Nach zahlreichen Testunfällen und Abflügen in den ersten Rennen geriet der damals 18-jährige Stroll kurz nach seinem Formel-1-Debüt massiv in die Kritik. Mit einem dritten Platz beim Aserbaidschan-Grand-Prix brachte er nur einen Teil der Skeptiker zum Verstummen, weil eine gehörige Portion Glück im Spiel gewesen war. Allen voran sein kanadischer Landsmann Jacques Villeneuve mokierte sich immer wieder über den Teenager - und erhielt dafür Hausverbot bei Williams.
Stroll schloss die Fahrer-WM 2017 als Zwölfter ab und blieb hinter Oldie Felipe Massa, erhielt aber einen neuen Vertrag. Mit einem schlechten Auto lief 2018 kaum etwas zusammen und der Einstieg seines Vaters bei Force India schuf die erhoffte Perspektive. Der Junior dockte kurz nach Saisonende auch offiziell bei Racing Point an. Dort stand er 2019 in seiner ersten Saison im Team klar im Schatten seines erfahrenen Teamkollegen Sergio Perez, der mehr als die doppelte Punkteausbeute erzielte. Strolls Saisonhöhepunkt: Platz vier beim turbulenten Deutschland-Grand-Prix in Hockenheim. Es war die beste Platzierung für Racing Point in der gesamten Saison.

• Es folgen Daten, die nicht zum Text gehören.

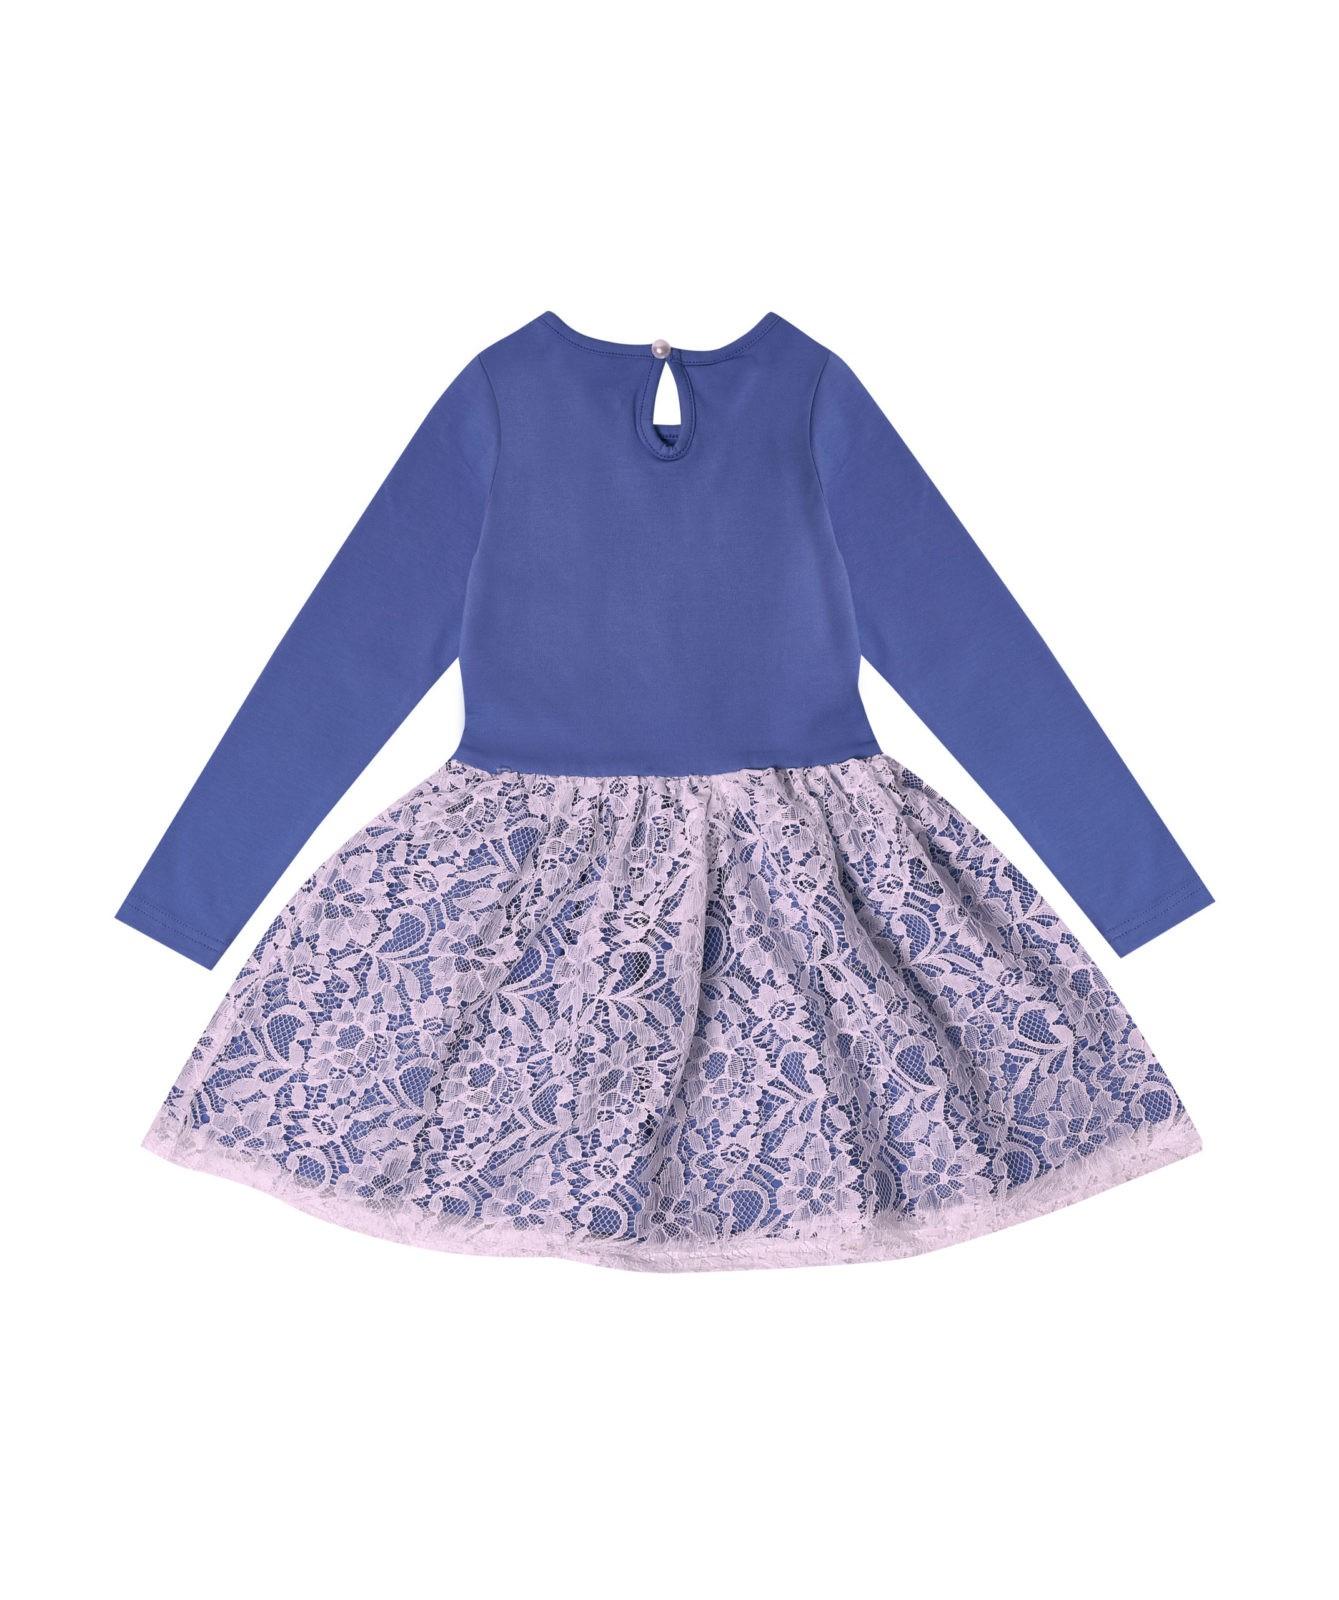 Dívčí šaty Beautiful Modrá/Bílá

2020 legte Stroll noch einmal nach. Mit dem Racing Point RP20 erzielte er in der Türkei seine erste Poleposition, setzte das Potenzial des Fahrzeugs aber nicht immer ideal um. In Monza etwa wäre womöglich mehr drin gewesen als "nur" der dritte Platz. Und auf dem "Outer Track" in Bahrain belegte Stroll ebenfalls P3, wobei sein Teamkollege Perez den Sieg davontrug.
Für 2021 blieb Stroll dem Rennstall als Teamkollege von Sebastian Vettel erhalten, obwohl Perez in der gemeinsamen Zeit seit 2019 die besseren Ergebnisse erzielt hatte. Dieser Umstand führte wiederholt zu Kritik an Stroll und dessen Vater, der im Hintergrund des Aston-Martin-Teams die Strippen zieht.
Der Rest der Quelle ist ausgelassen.